The Sahara is also known for eating "maru and meat," or rice and meat without any preservatives or other additives. This pure Sahrawi dish is made in a very simple traditional method with either camel or goat.

This traditional dish is cooked by "margin," in which the meat and some fat are fried thoroughly, then water and salt are added, and finally the rice to make it ready to eat. Some people prefer to add ghee to make it tastier.

The "tidkit" or "tishtar" meal is another traditional dish that inhabitants of the southern provinces like to prepare with camel meat. After slaughtering a head of camels and dividing it among the families, Sahrawis preserve meat for a long period, cut it in the form of ropes, and then isolate it from the grease. The meat is then dried by directly exposing it to the sun's heat, and after it has dried completely, it is placed in special bags. 

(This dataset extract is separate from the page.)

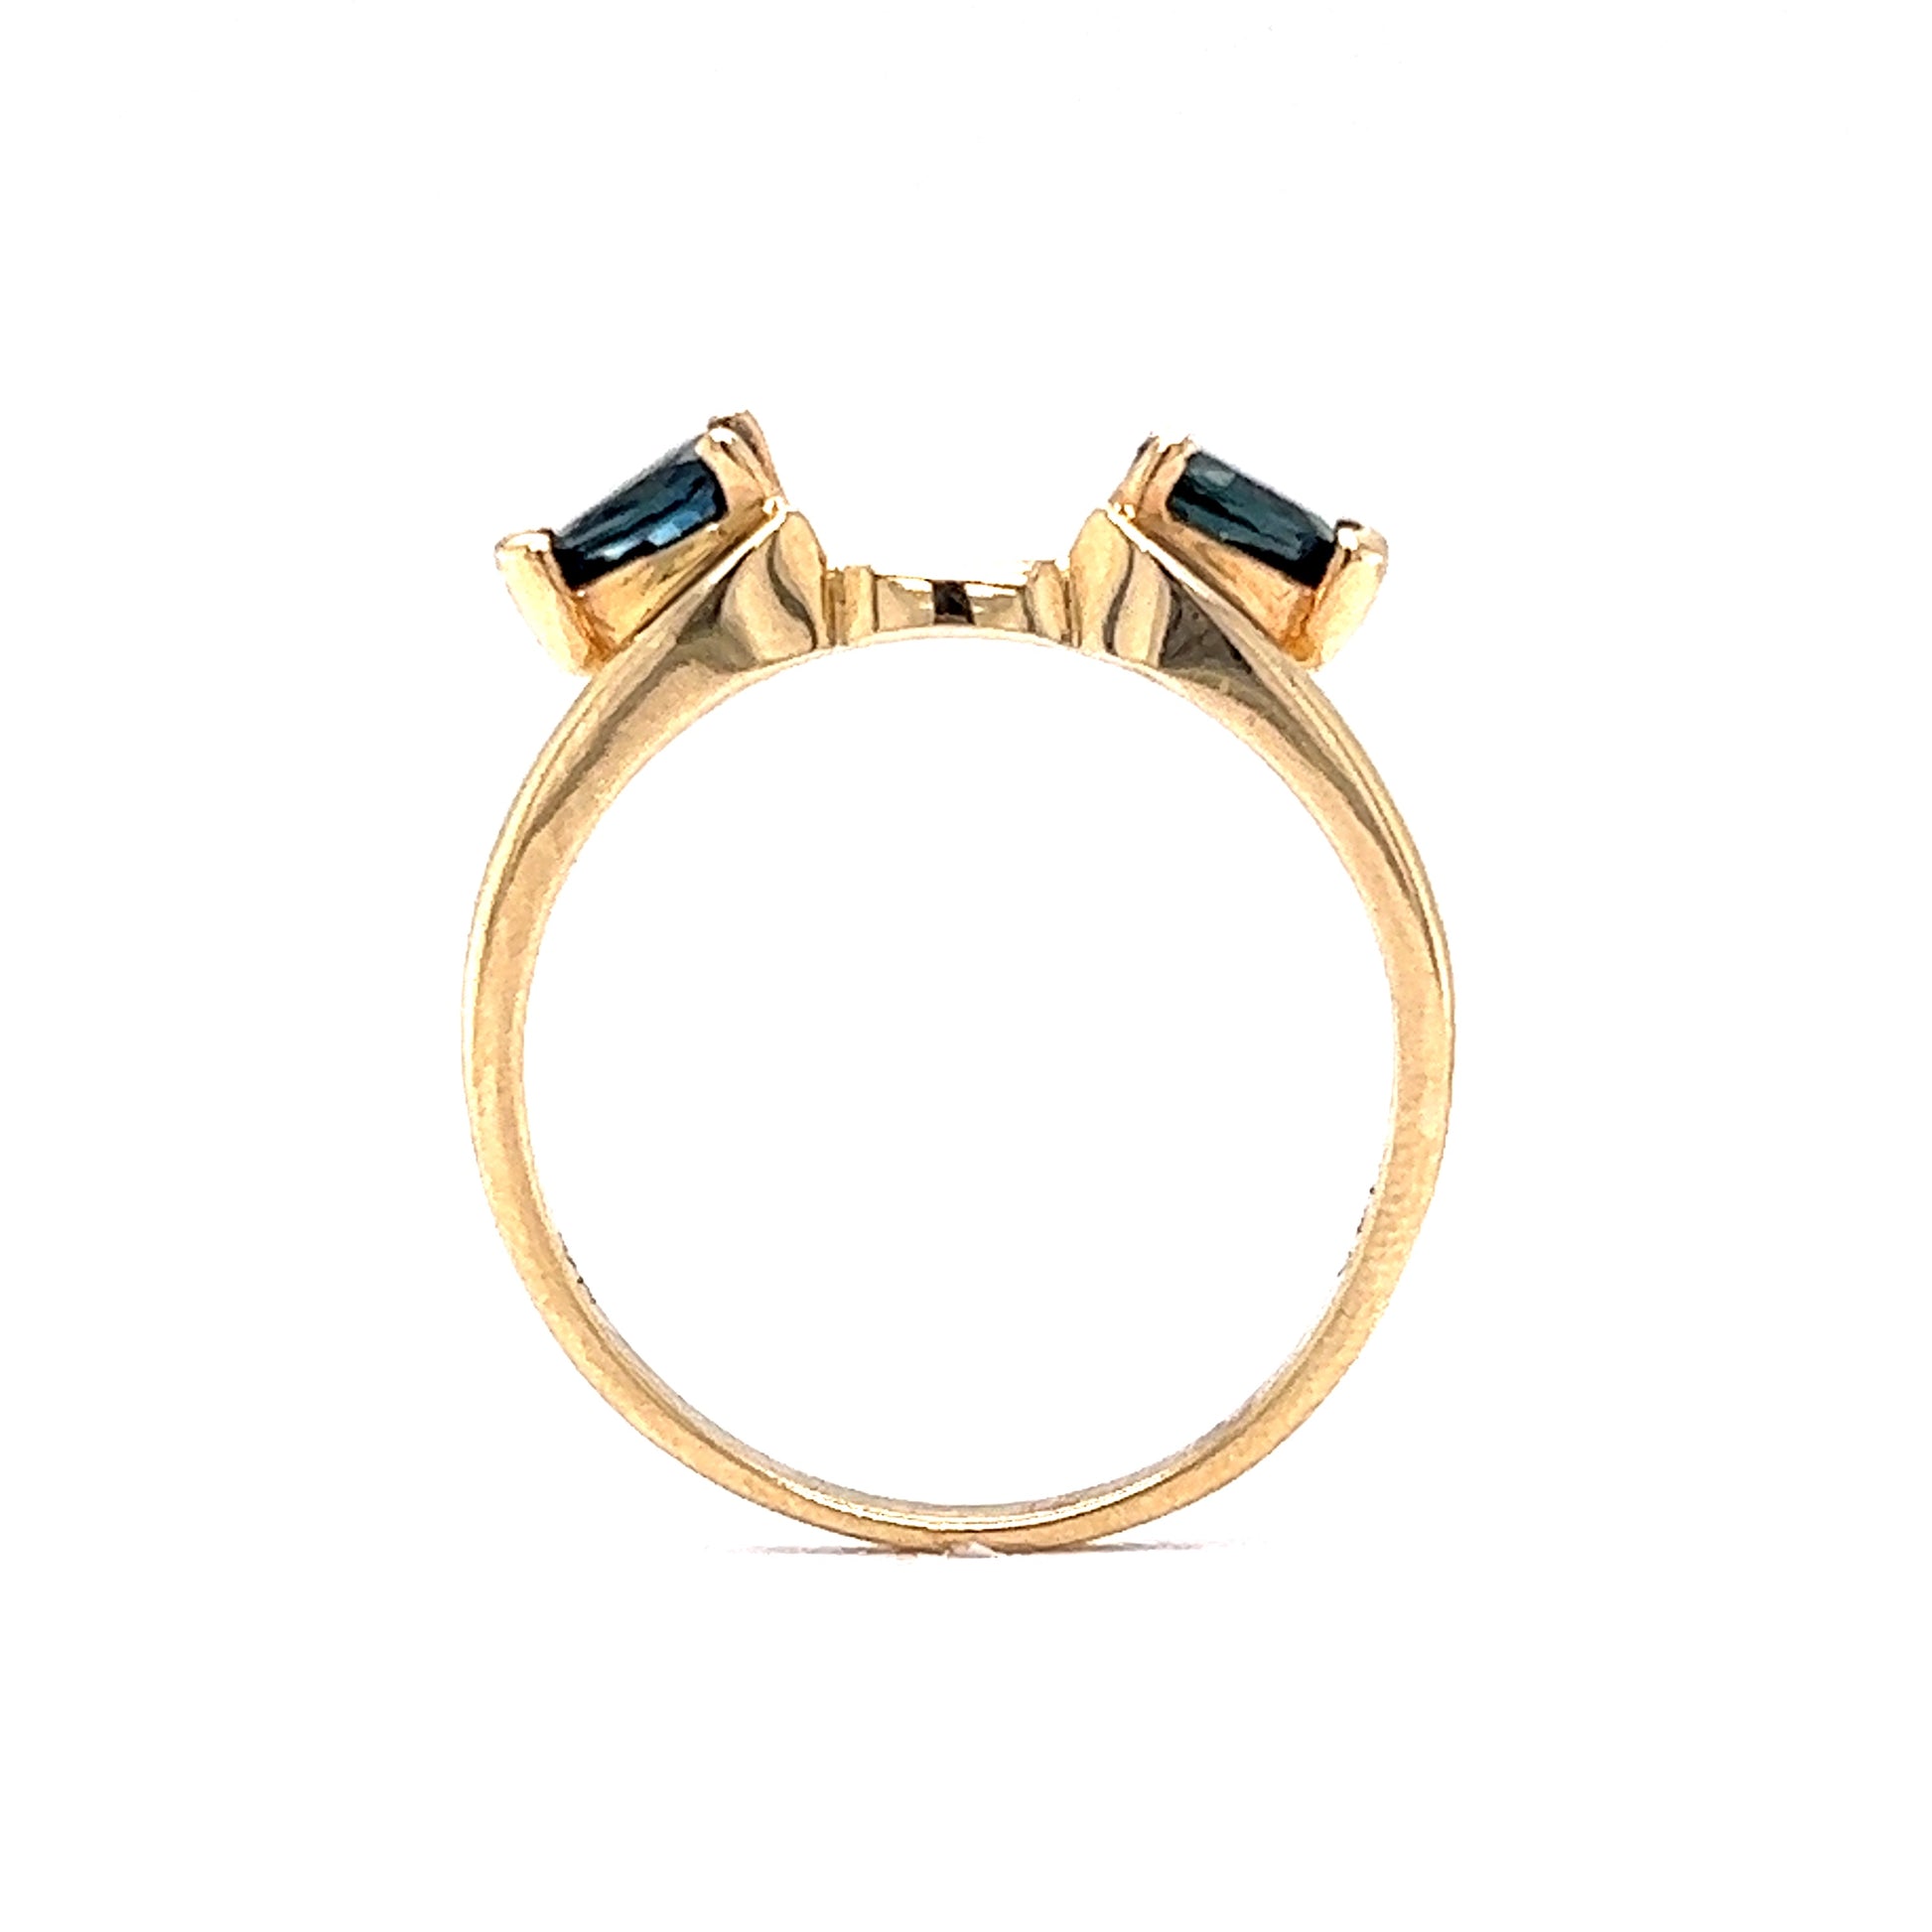 Sapphire Ring Guard Wedding Band in 14k Yellow GoldComposition: 14 Karat Yellow Gold Ring Size: 7 Total Gram Weight: 2.4 g Inscription: 14k

The "tidkit" is not ready until the dried meat is cooked with a little water on a low fire, then ground until it resembles the shape of a dough, then a little water (broth) is added to it, and some specific fat may be added too.

Couscous is another popular traditional meal in the Sahara region. Although Sahrawi couscous is very similar to the original Moroccan couscous, some of them prefer it without meat, which they call "al-ghabba" couscous. This pure Sahrawi couscous is prepared by twisting the dried barley flour cooked on the water vapor and mixing it with only camel milk and sugar.